Et puis, les emblèmes évoluent : tel compromis recueillant la majorité, dicté par des circonstances historiques, peut être remis en cause majoritairement dans d’autres circonstances.  

 

- Il y a les interrogations liées aux divisions du mouvement national et du mouvement identitaire. Il n’est pas difficile de constater que rancœur, ressentiment et égos se manifestent parfois avec force, que l’écoute n’est pas toujours au rendez-vous, que la polémique prend souvent rapidement le pas sur la tentative de comprendre et la recherche d’explication, que la tendance à cataloguer rapidement et à diffuser des rumeurs en coulisse est privilégiée par rapport à une  culture du dialogue ouvert, franc et respectueux (plus caractéristique de notre culture). Est-il illusoire d’espérer que la mise en avant des intérêts supérieurs de notre peuple, la conscience des responsabilités historiques et le sens de l’Etat, le dépassement des intérêts particuliers et le sens du compromis, la levée de la confusion entre esprit national ou territorial et esprit de parti, pourront permettre de surmonter les blocages, de « faire communauté » et d’avancer de manière significative ?

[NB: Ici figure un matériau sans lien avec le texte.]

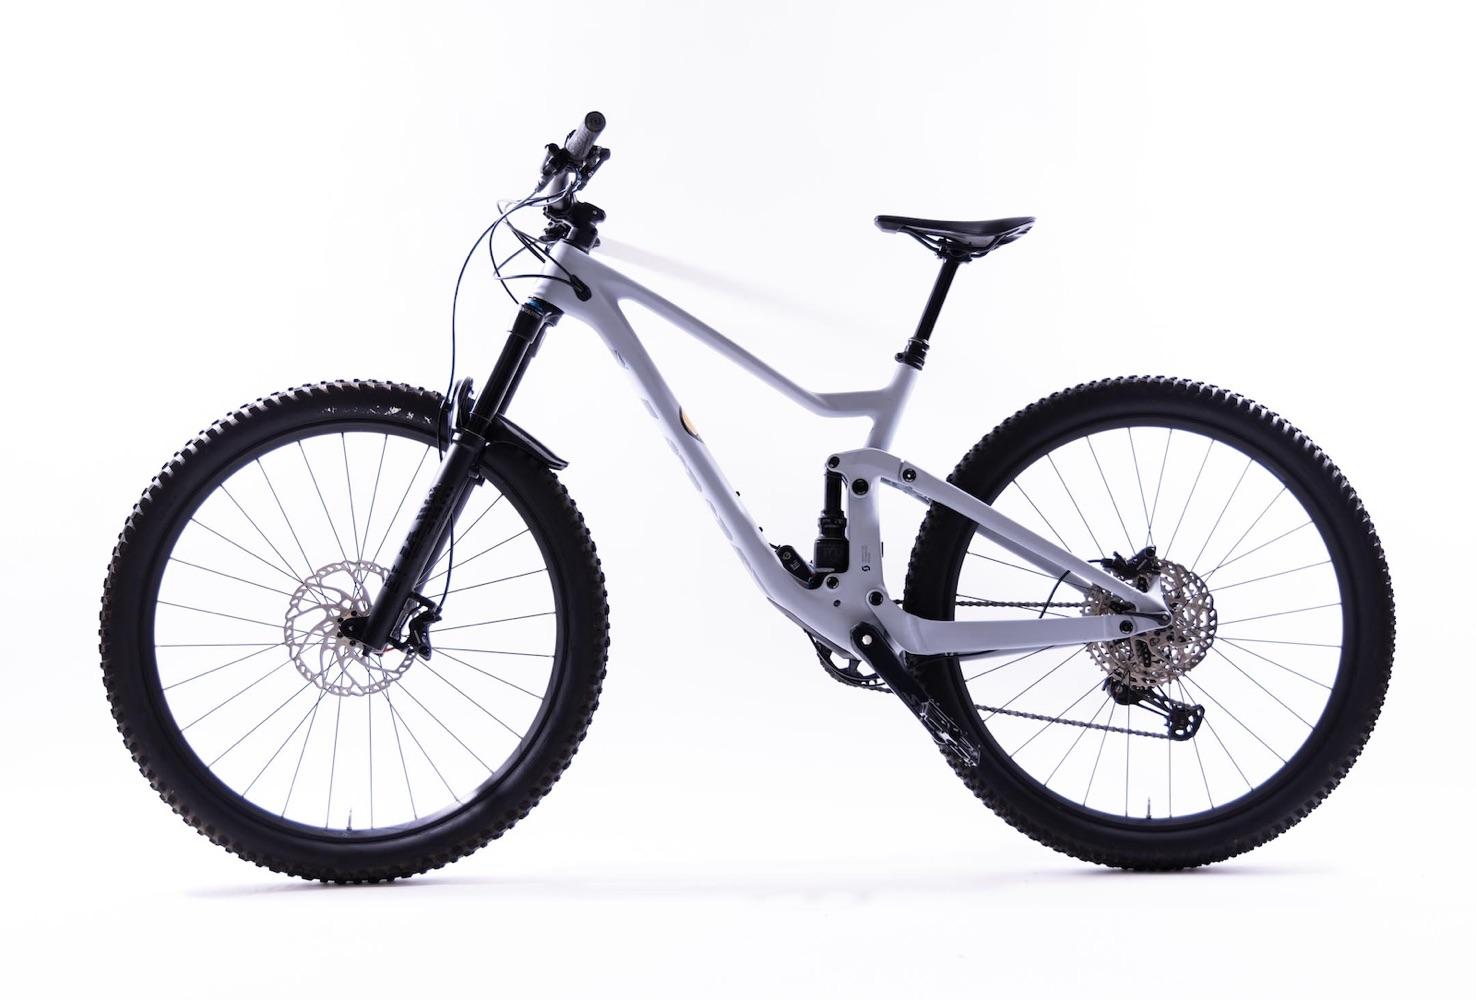 Scott Genius 920 size Med 29” mountain bike

- Il y a des interrogations liées à la représentation qui s’est construite à partir des années 1990 : « Drapo Malsa ». Cependant, l’histoire montre bien, comme on l’a vu précédemment, que Garcin MALSA, n’a fait que relancer, en s’exposant à nombre de risques,  un processus commencé dès les années 1960. 

 

- Il y a celles liées à la représentation  « Drapo lé endépantis, dapo lé otonomis, drapo lé séparatis ». Il est vrai que, historiquement, ces couleurs ont été brandies par des forces du mouvement national martiniquais. Mais cela est vrai de tous les combats pionniers qui ont été menés pour la reconnaissance de l’identité martiniquaise (22 Mai, langue créole, DKB, histoire…). Il était difficile qu’il en soit autrement. Pourquoi donc diaboliser le mouvement national et rejeter, du fait de son rôle pionnier, l’importance et la signification des couleurs et du drapeau ? L’émergence des couleurs constitue un fait historique (au même titre que d’autres repères), qui déborde aujourd’hui le cadre du mouvement national et concerne désormais le mouvement identitaire au niveau le plus large, quelles que soient les sensibilités politiques (reconnaissance pour les uns que les Martiniquais forment un peuple, une nation, ou reconnaissance pour les autres d’une identité régionale forte) et les stratégies politiques (autonomie, indépendance, décentralisation).

 

- Il y a aussi l’interrogation suivante : le rouge-vert-noir, officialisé, éliminera t-il le bleu-blanc-rouge ? Chacun (individu ou organisation), en fonction de ses opinions politiques, « charge » les couleurs rouge-vert-noir et leur association en drapeau de la signification qui lui paraît importante. Maintenant, dans les conditions actuelles, la Martinique fait partie du territoire de l’Etat français. Le bleu-blanc-rouge est le drapeau de l’Etat français.  Il flotte donc sur ce territoire. Le rouge-vert-noir qui incarne notre Existence au monde, notre fierté d’Etre, notre Identité cohabitera donc avec lui, dans le cadre de l'Etat français. Cette cohabitation durera t-elle ? Cela dépendra uniquement des choix politiques que le peuple martiniquais, en fonction de son droit inaliénable à l’autodétermination, fera pour l’avenir et dans l’avenir. Mais cela, c’est une autre question.